Reveal to Revise: An Explainable AI Life Cycle for Iterative Bias Correction of Deep Models

Deep neural networks (DNNs) are powerful tools for accurate predictions in various applications and have even shown to be superior to human experts in some domains, for instance for Melanoma detection.

However, they are vulnerable to data artifacts, such as band-aids, rulers or skin markers in the Melanoma detection task. In our previous blog posts, we have presented various approaches, both to reveal and correct model (mis-) behavior.

Reveal to Revise Framework

In this blog post, we want to introduce Reveal to Revise (R2R), a framework entailing the entire Explainable AI (XAI) life cycle, enabling practitioners to iteratively identify, mitigate, and (re-)evaluate spurious model behavior with a minimal amount of human interaction, as shown in Figure 1.

Figure 1: Reveal to Revise framework entailing the entire XAI life cycle to (1) identify model weaknesses, (2) label and localize artifacts, (3) correct the model, and (4) re-evaluate the model. The entire process can be repeated in an iterative fashion.

Overall, R2R consists of four steps: First (1), the potential misbehavior is identified either using Spectral Relevance Analysis [2] to automatically detect outlier behavior in large sets of local explanations, or by inspecting human-understandable concepts employed by the model using Concept Relevance Propagation (CRP) [3]. In a second step (2), the data artifact to be unlearned is modeled in latent space and localized in input space using Concept Activation Vectors. Then (3), the undesired behavior can be unlearned using various model correction methods (see previous blog post) and the model is re-evaluated by measuring the relevance left on the artifact regions and the sensitivity of its output scores to the artifact by artificially inserting the artifact into test samples. If required, the entire process can be repeated in an iterative fashion.
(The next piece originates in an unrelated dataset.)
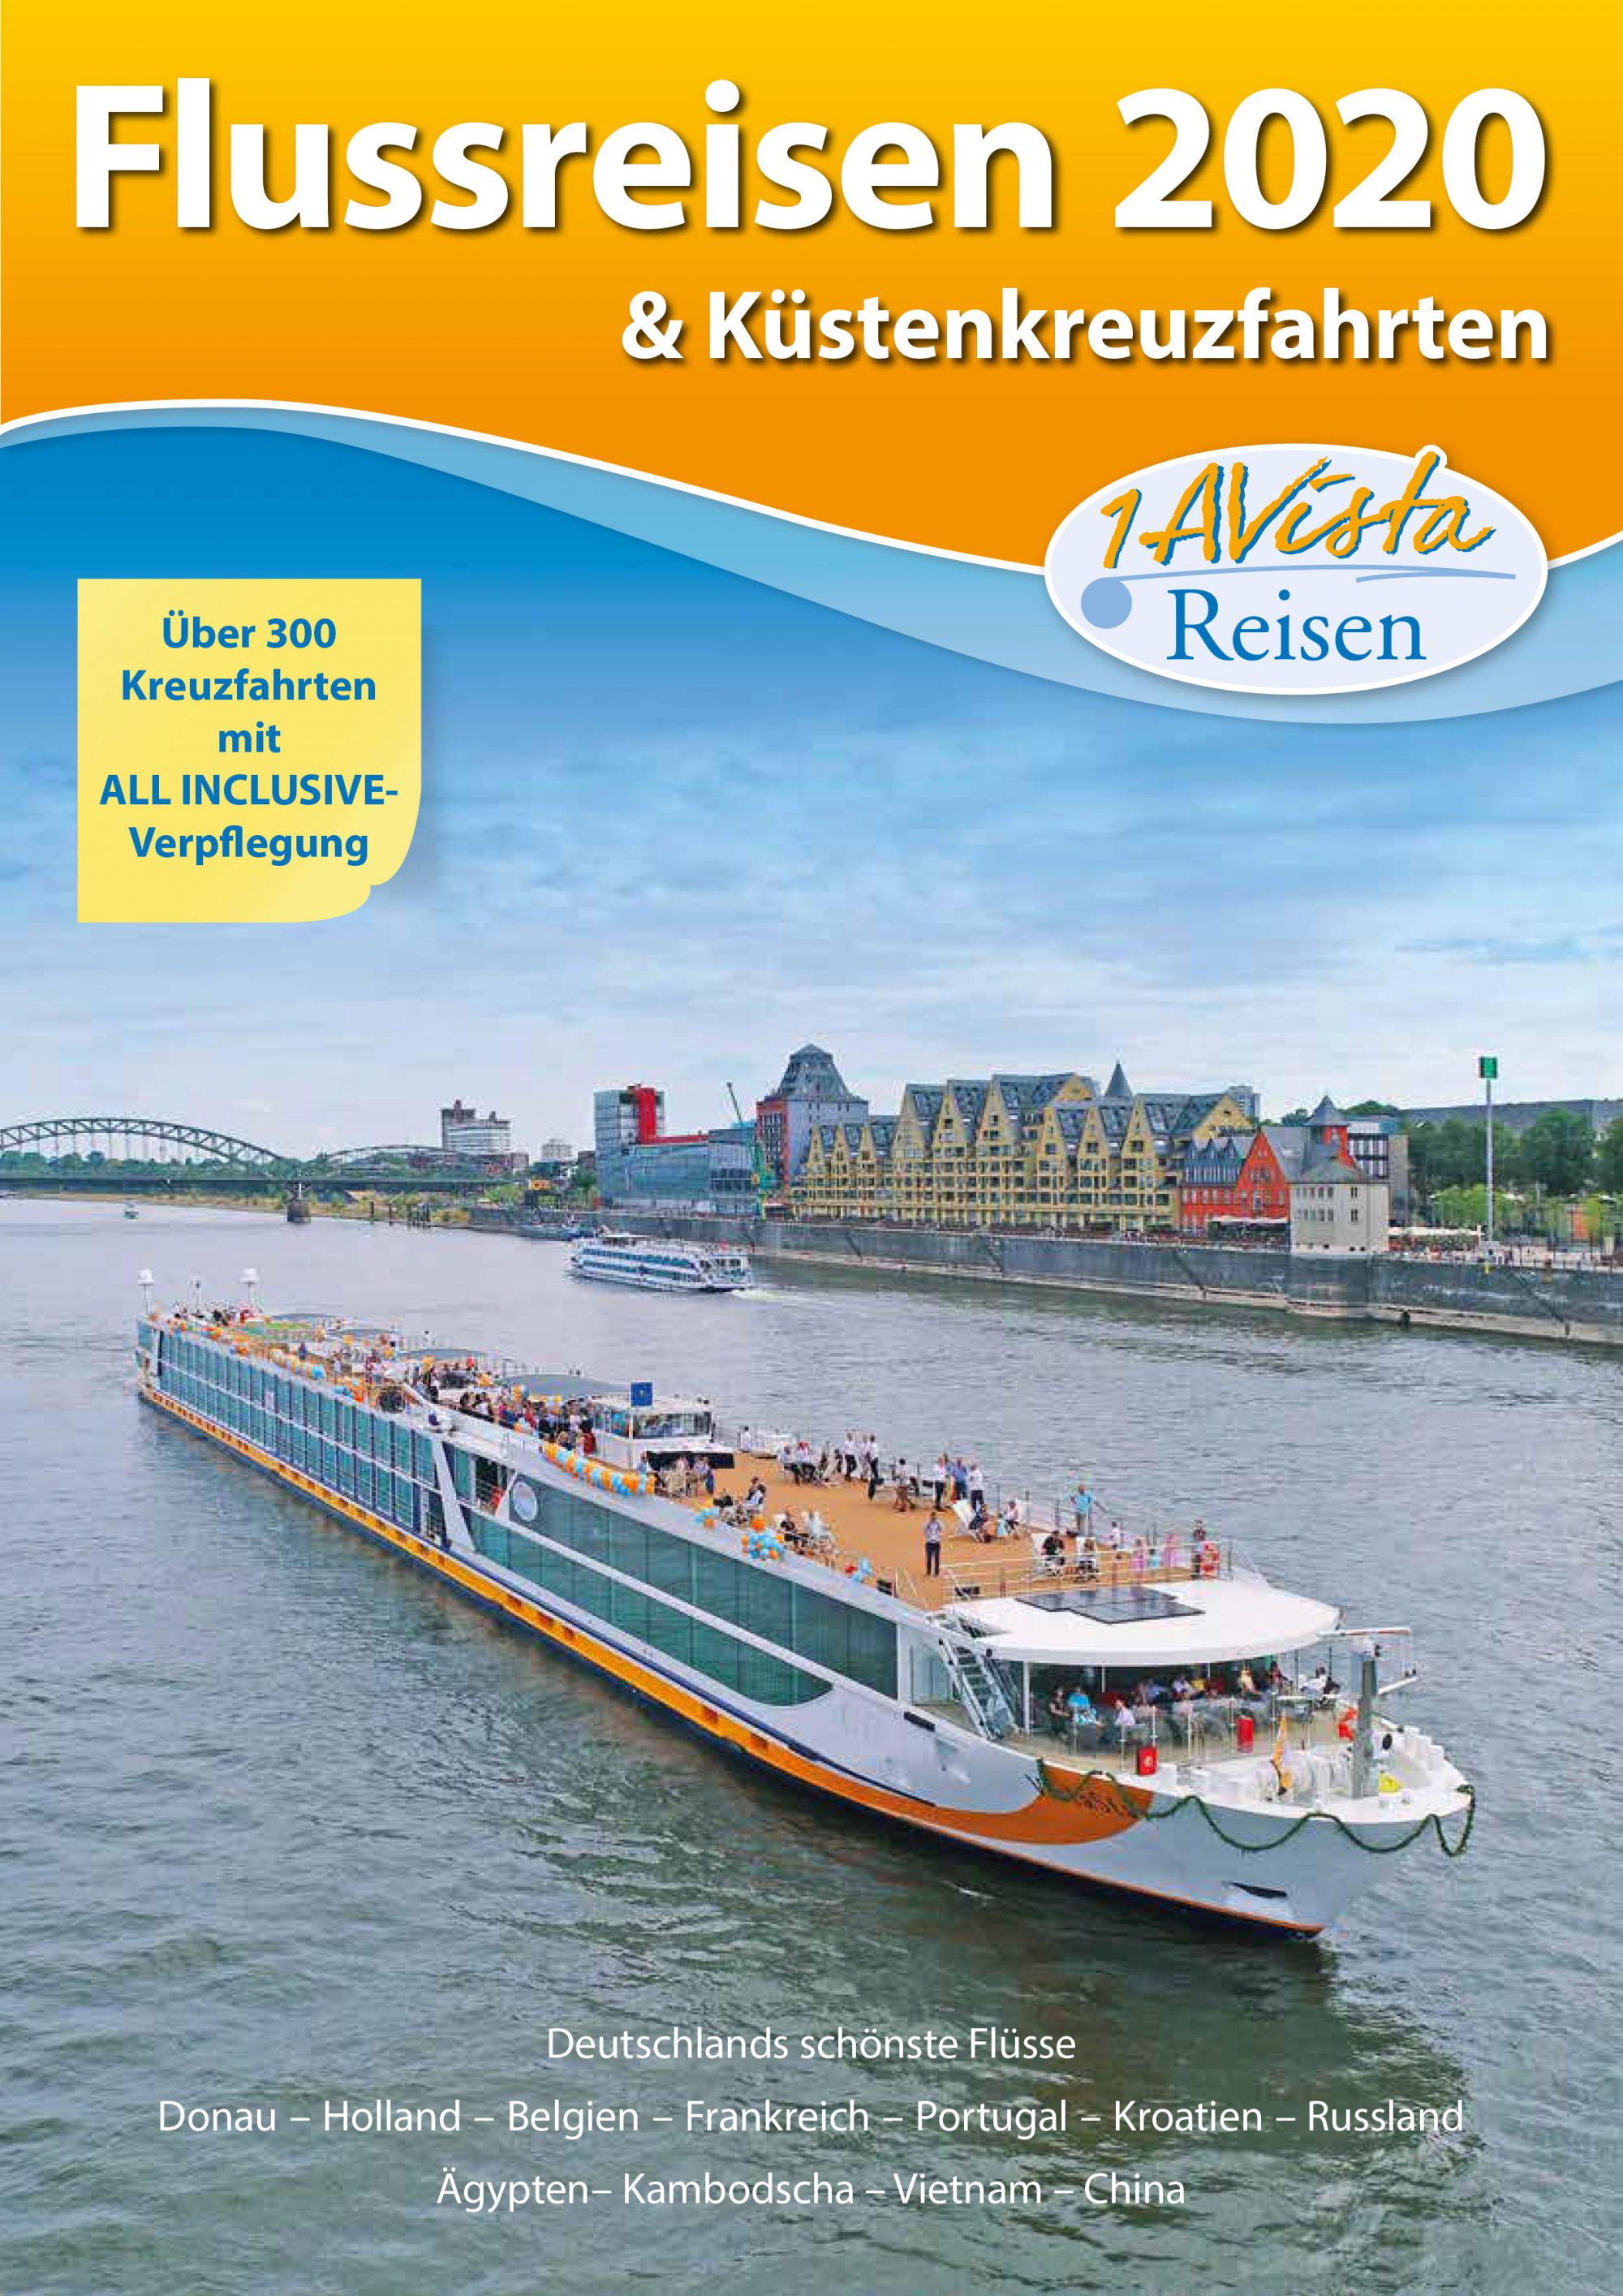 1AVista Reisen präsentiert im neuen Katalog „Flussreisen 2020 & Küstenkreuzfahrten“ neue Routen den Schiffsneubau VistaSky und Neuzugang MS VistaSerenity
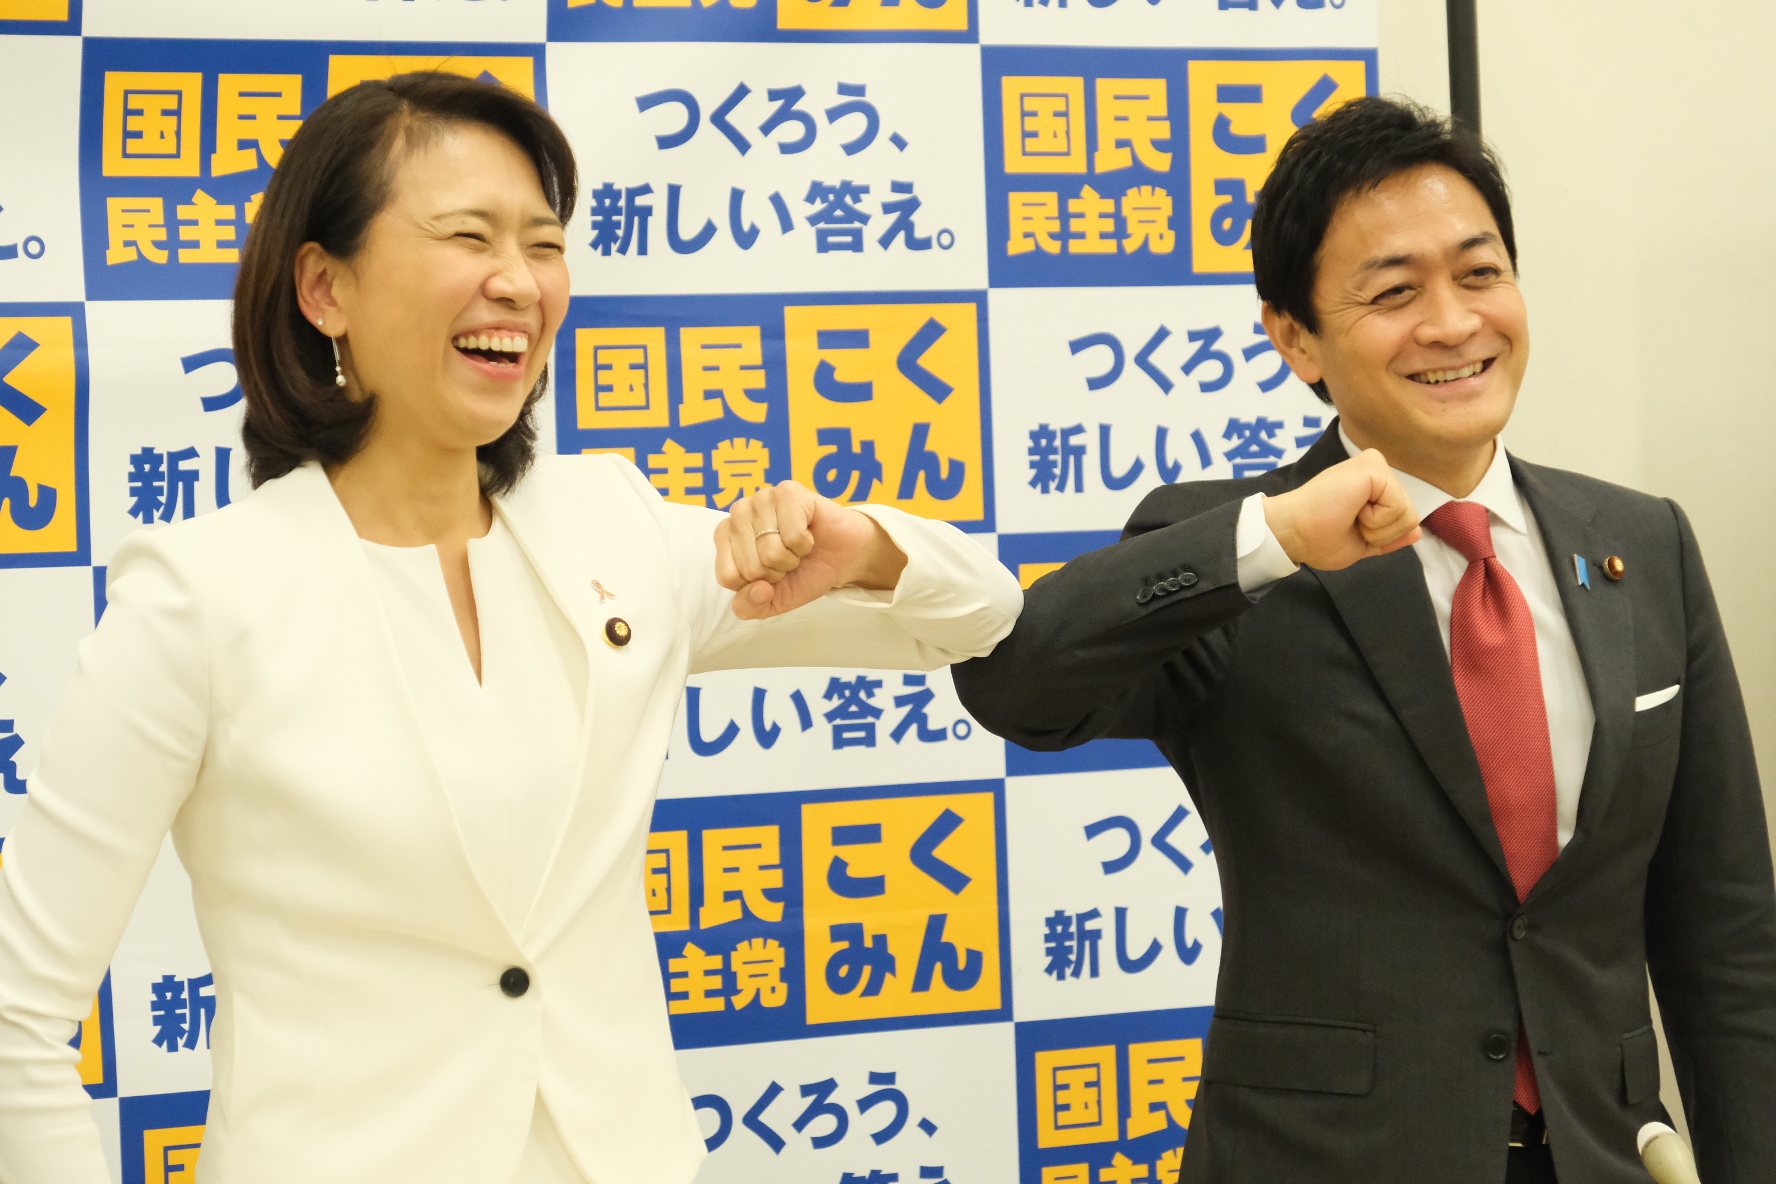 代表選挙にのぞむ伊藤孝恵候補と玉木雄一郎候補

R2R for Melanoma Detection

We apply the R2R framework to a VGG-16 model trained on ISIC2019 data by iteratively unlearning the usage if skin marker, band-aid and ruler artifacts using the correction method Right for the Right Reason [4]. The heatmaps after each correction step for artifactual samples are shown in Figure 2. After three iterations, the model’s attention is mainly focusing on the mole itself and artifactual regions of the input image are ignored.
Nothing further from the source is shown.